I shook my head. “No, thank you.”

“We take our orders from the goddess of all things beautiful,” said the one in red, Sorrow, I thought.

They opened the cell and glided in with bags in their hands, closing the door before I could even think of fighting my way past them. I held up my palms in warning.

“Do not touch me.” I pointed at the door to my cell. “Just get out and leave me be.”

They both giggled, the sound high and creepy. And then Sadness, clad in deep blue, pulled out a gleaming pair of shears, opening and closing them with a ssssnip.

“First for your hair cut.”

My bowels turned over and I clutched my stomach. I had never been in a fight, other than innocent swordplay years ago. But these two were frail enough. Even in my state of exhaustion and pregnancy, I felt confident I could fend for myself against them. Although those shears looked sharp. That would be a problem.

“Get out,” I said again. “No haircut. I want nothing from you. Leave me.”

“Stay still, human,” Sadness warned. “Or Sorrow will have to hold you down.”

I lowered my voice, feeling as if I had sprouted spikes like a porcupine. “Do not come near me.”

“Keep her still, Sorrow.”

The waif in red came at me, and I lunged forward, a scream tearing from deep in my throat. But what I encountered was not a weak maid. She had the power of Boldar. Damned immortals! I screamed and fought as she took me by the arms and shoved me to the ground. I pulled my legs in and kicked her hard in the stomach several times, making her mouth open in a yell to reveal jagged teeth.

We scrabbled, both kicking, screaming and scratching. When she let go of one arm to smack my face, whipping my head to the side, I grabbed a fistful of her hair and yanked hard enough to fill my fingers with the greasy strands as she screeched into my face. I nearly vomited at the sensation of causing pain to another.

But then they were both on me, turning me to my stomach on the floor, pinning my arms to my sides.
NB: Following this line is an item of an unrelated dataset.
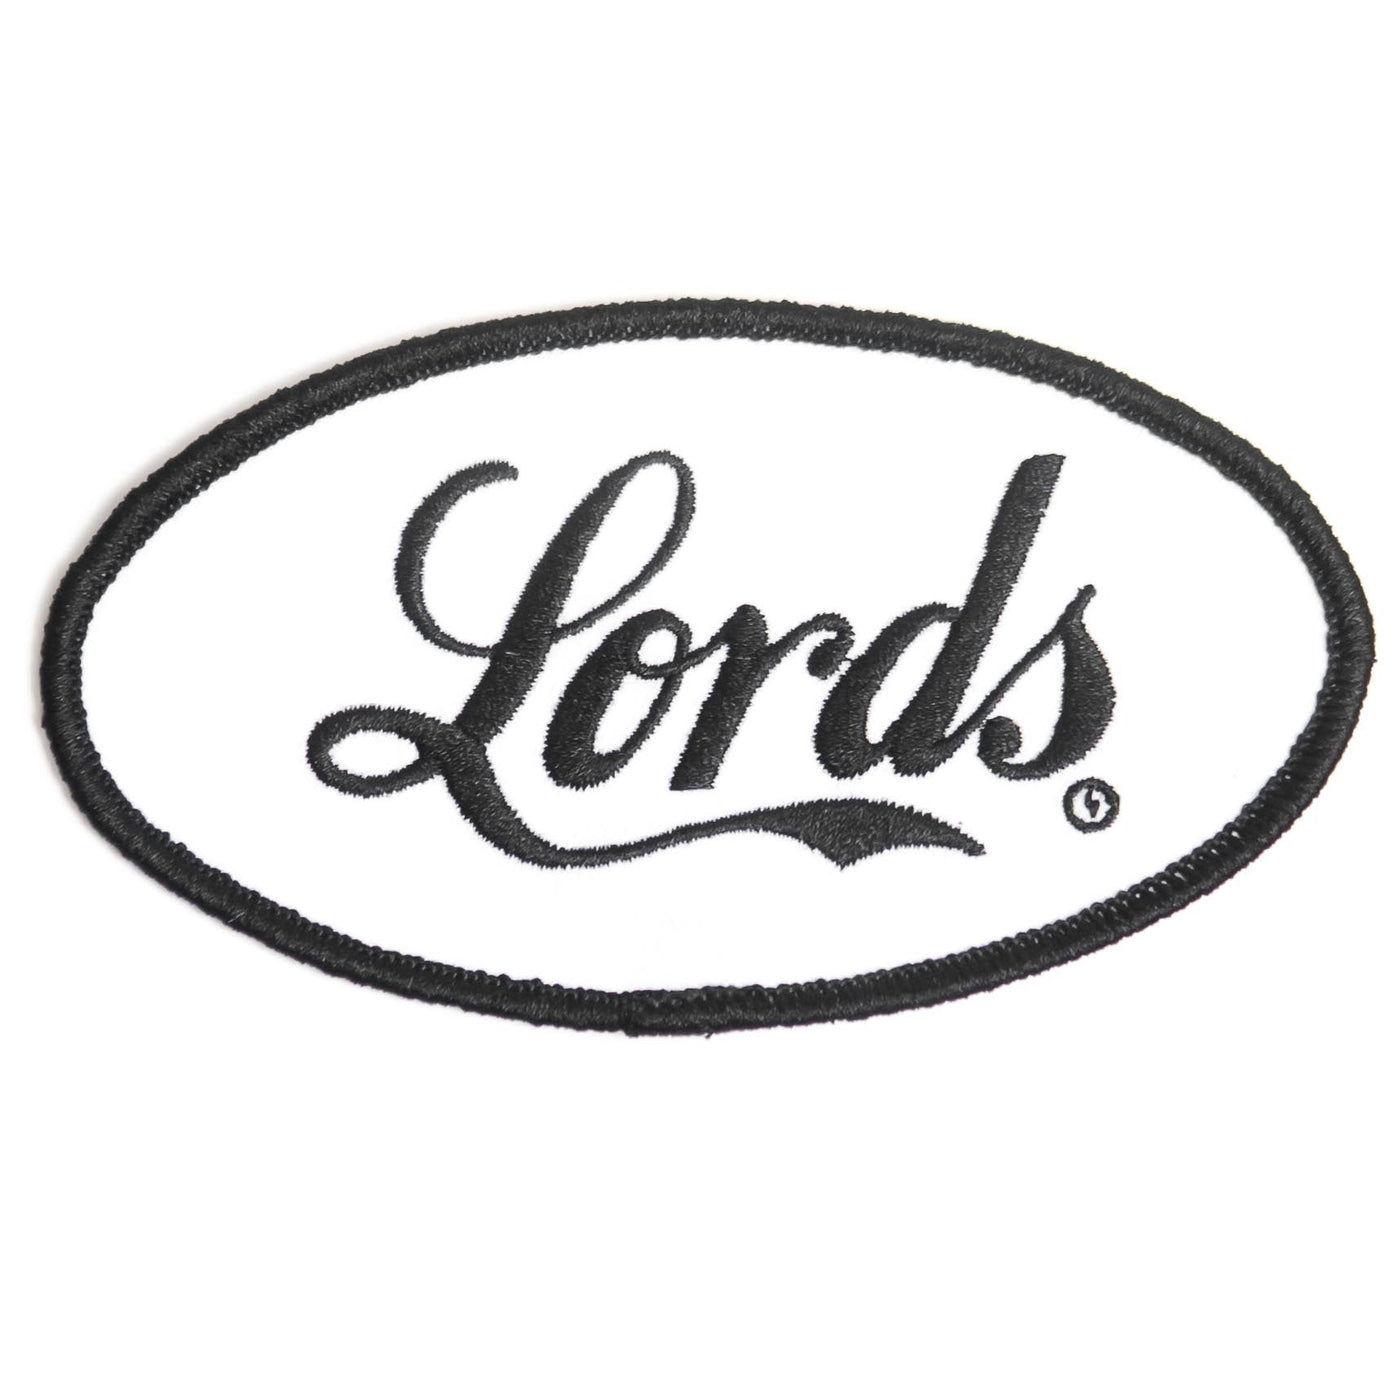 Lords Motors Patch

One of them yanked my head up by the hair and smashed the side of my face into the floor. The pain radiated out from my cheekbone, across my scalp, and down through my body.

“Be still!” one of them raged at me.

With a sob of frustration and pain, I went limp, loathing the feeling of defeat.

And then the haircut began, and I screamed anew. I felt them grabbing great chunks of my thick locks, tugging against my scalp as the shears made their grinding snips. When they nipped the edge of my ear, sending another fiery burn of pain through my body, I struggled again, shrieking with fury, trying to turn, but it was useless. They giggled maniacally at my efforts.